You can think of a parameter as a number you can tweak while training. This netw...

sirk390 · on April 11, 2022

And if every parameter is one byte, the minimum, it will take at least 70gb to save or share this model. So it's still way to big to package directly in a app.

cshimmin · on April 11, 2022

From the paper, they are using bfloat16, so I guess two bytes. But distributing and "packaging into an app" are not at all of practical interest for these kinds of models. You (a consumer) would interact via some API service, with the model running on a hardware-accelerated compute cloud.

In any case, during training (where the model is run in possibly large batches), and even during inference, the size of the parameters is completely dwarfed by the intermediate tensor representations.

brrrrrm · on April 11, 2022

> even during inference, the size of the parameters is completely dwarfed by the intermediate tensor representations

What makes you say this?

cshimmin · on April 11, 2022

It's especially true for models that do some kind of weight sharing, which is very common (CNNs, RNNs, transformers, etc). For a concrete example, consider a layer from an image convolutional network, which maps from a 3-dim colorspace to a 128-dim feature space. Assuming a 5x5 kernel that's about 10k parameters. However, after applying this layer, you go from having an (B,H,W,3) tensor to a (B,H-4,W-4,128) tensor, where H,W are the height and width of the image, and B is the number of images in the batch. If you're working with even moderately high resolution images, the memory required for these intermediate tensors at each layer is much larger than the parameters.

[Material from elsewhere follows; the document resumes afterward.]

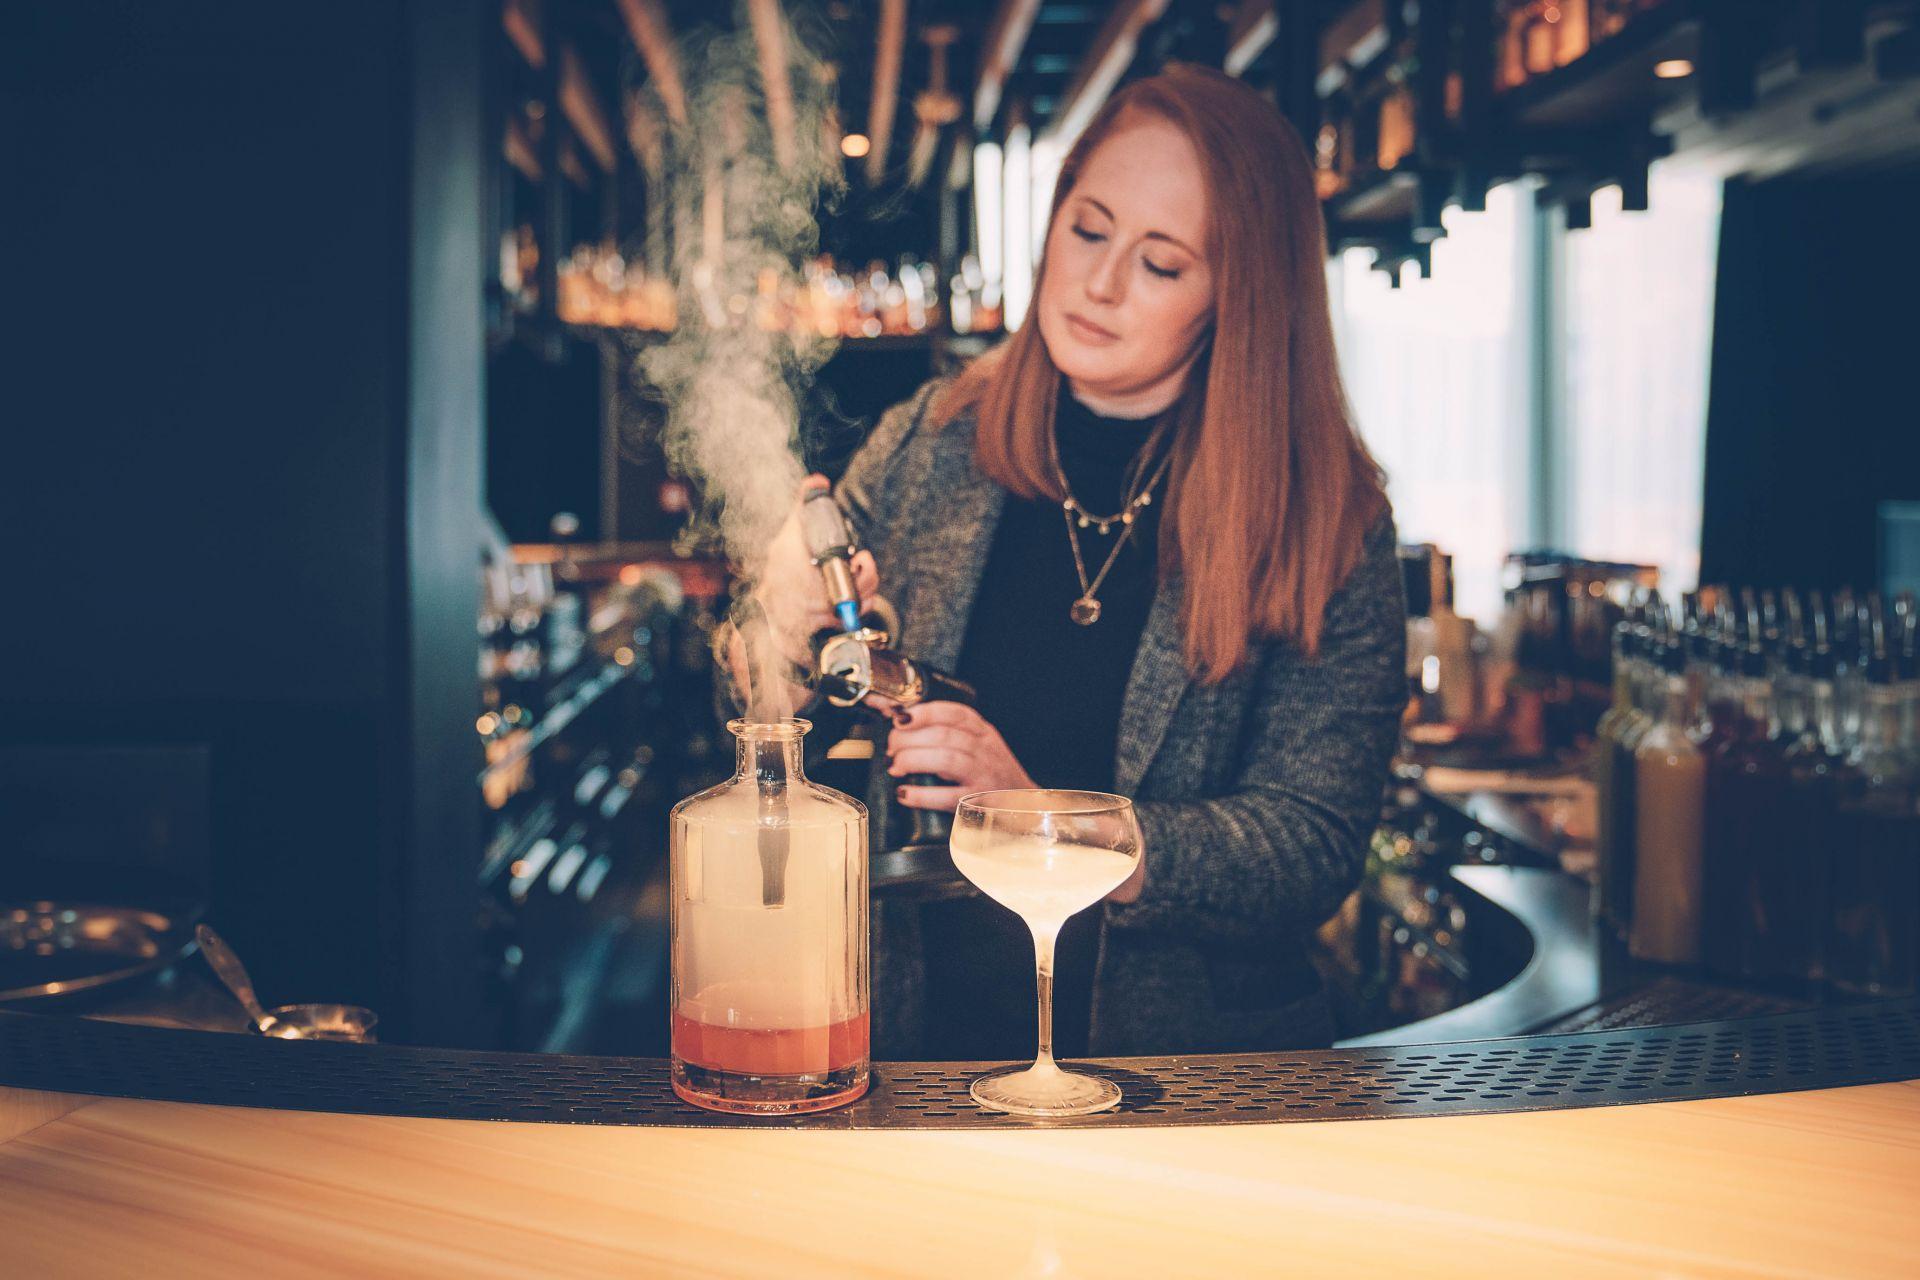 Barkeeperin oder Zauberin? – ©wunderland media GmbH
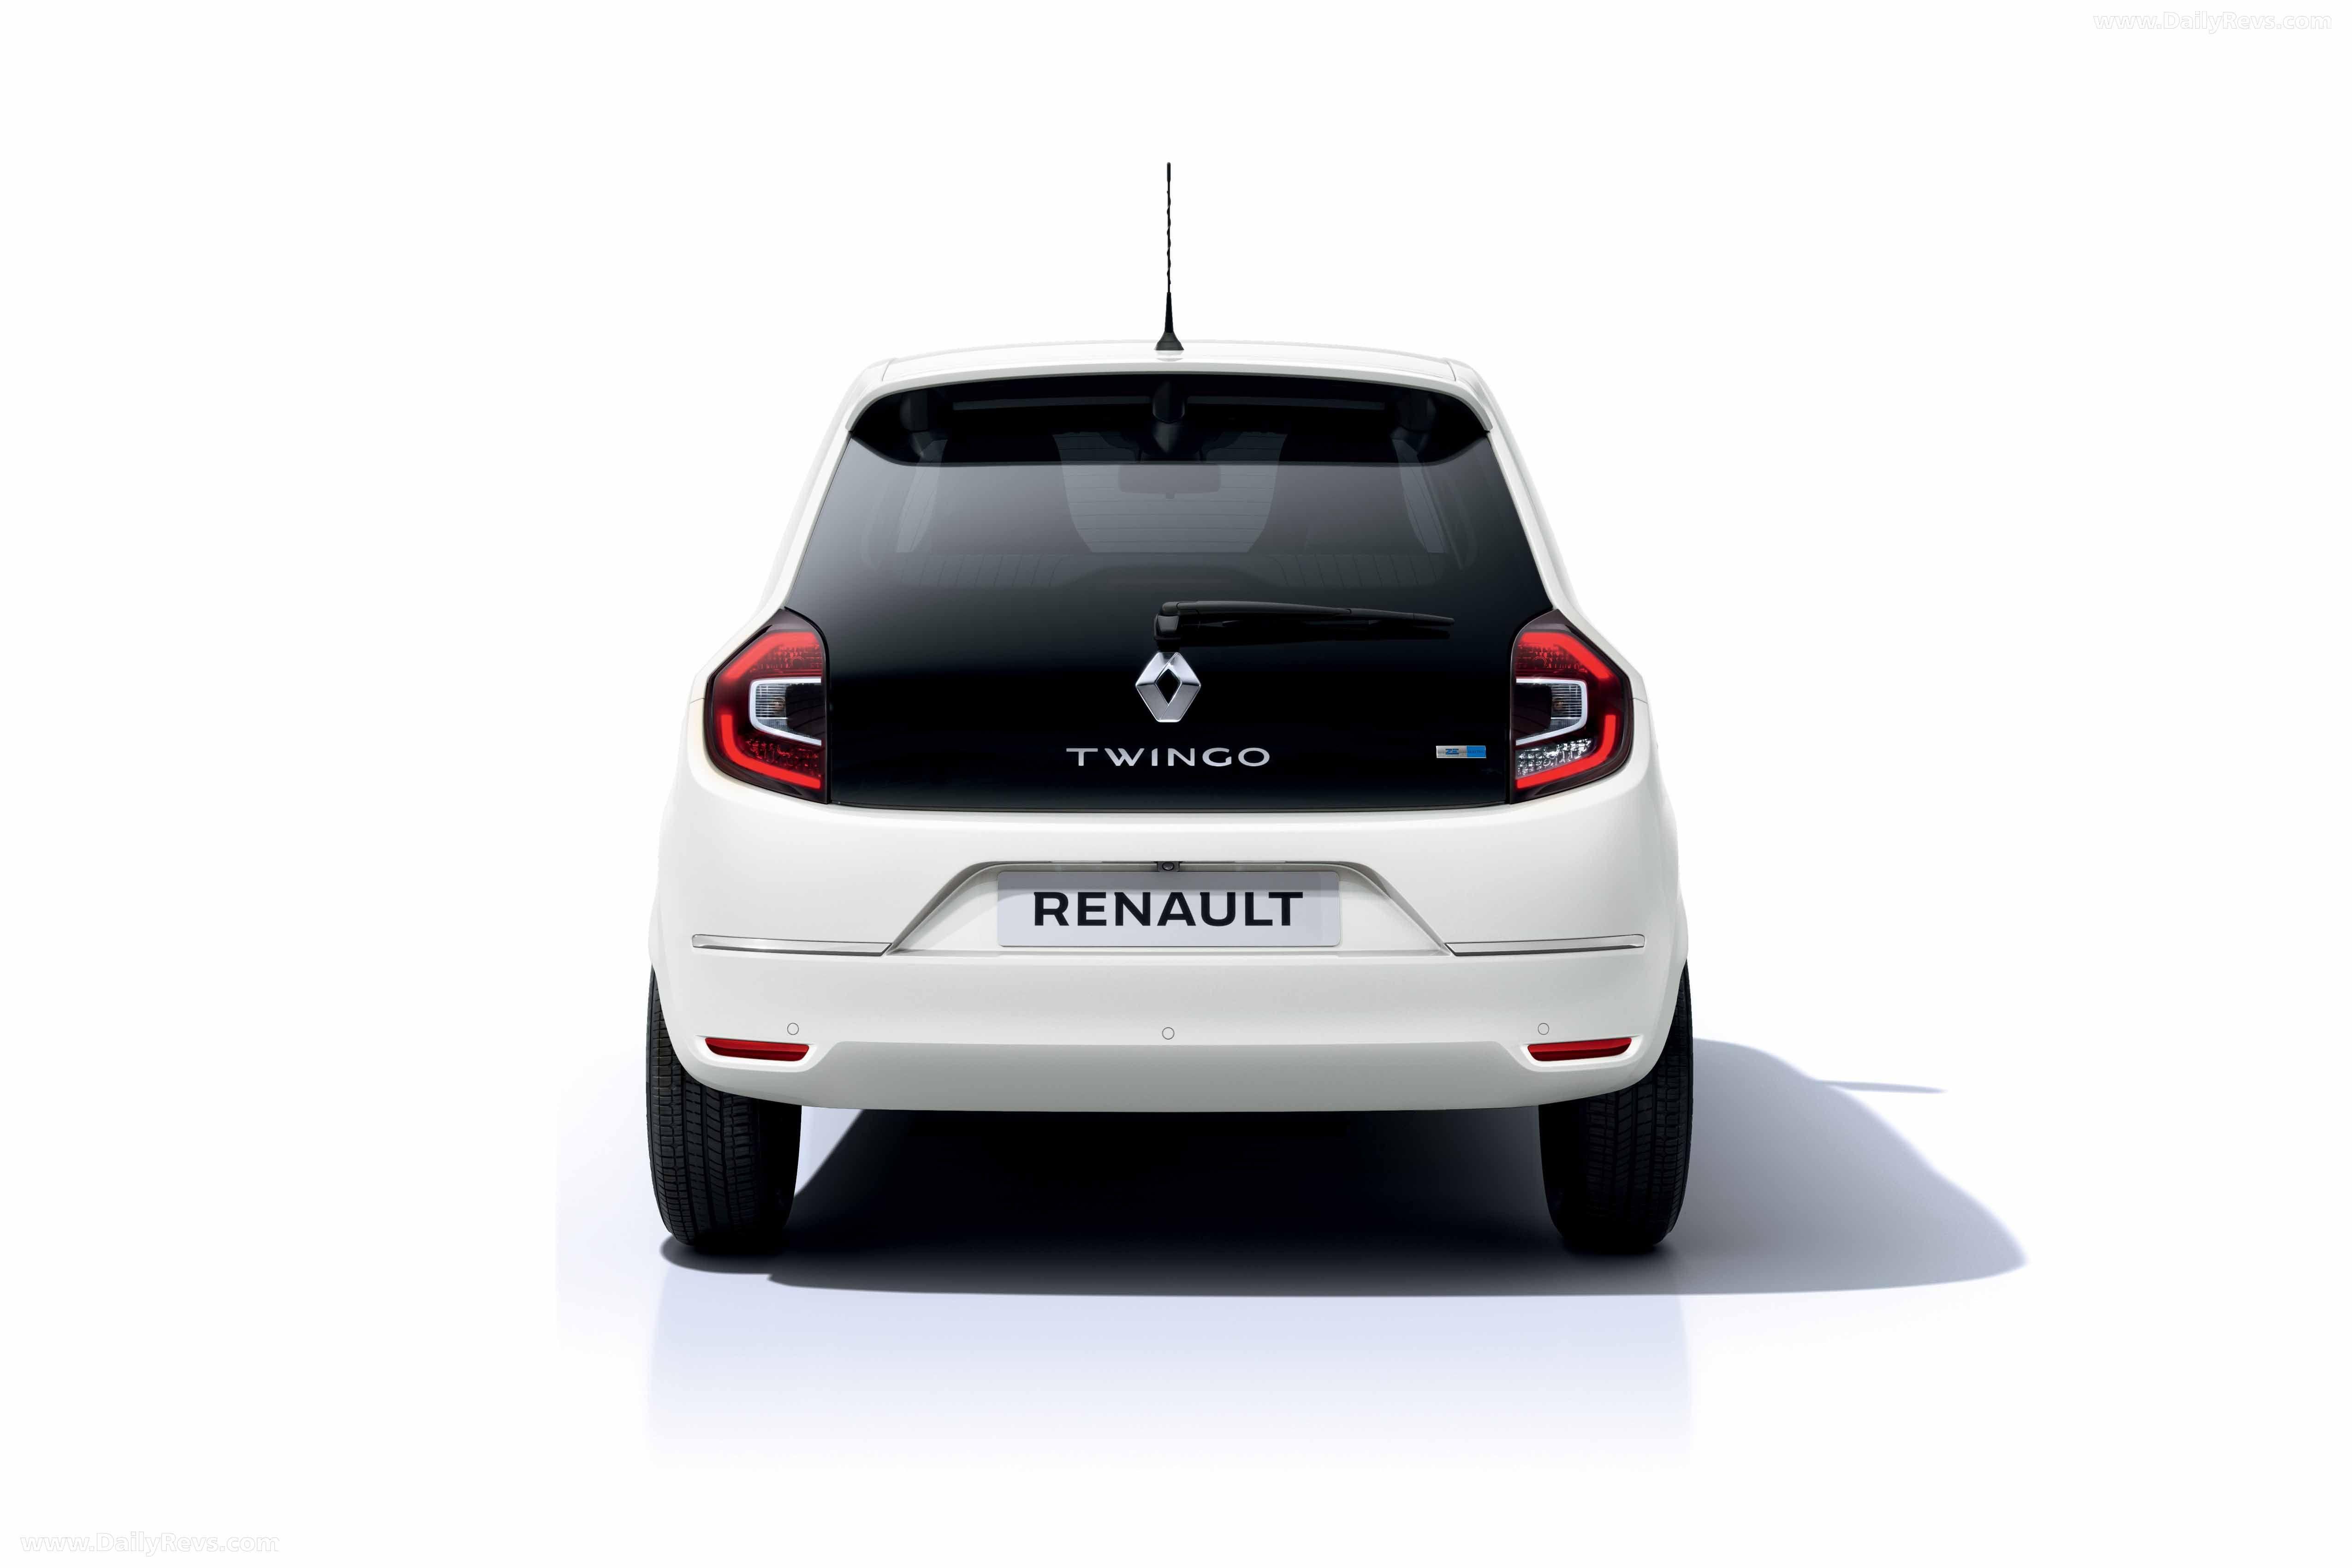 2020 Renault Twingo Z E Dailyrevs In 2020 Automobile Suv Car Car

Something similar applies for RNNs (same weights applied at each element of a sequence), GNNs and transformers (same weights applied at each pair of data).

lostmsu · on April 11, 2022

Have you seen modern games?

sva_ · on April 11, 2022

I doubt they load that amount of data in memory

replygirl · on April 11, 2022

I'm thinking about upgrading from 64gb to 128gb so i can use all my Cities: Skylines assets in the same map

lostmsu · on April 11, 2022

Right, they usually stream assets as they are requested. Large models do the same.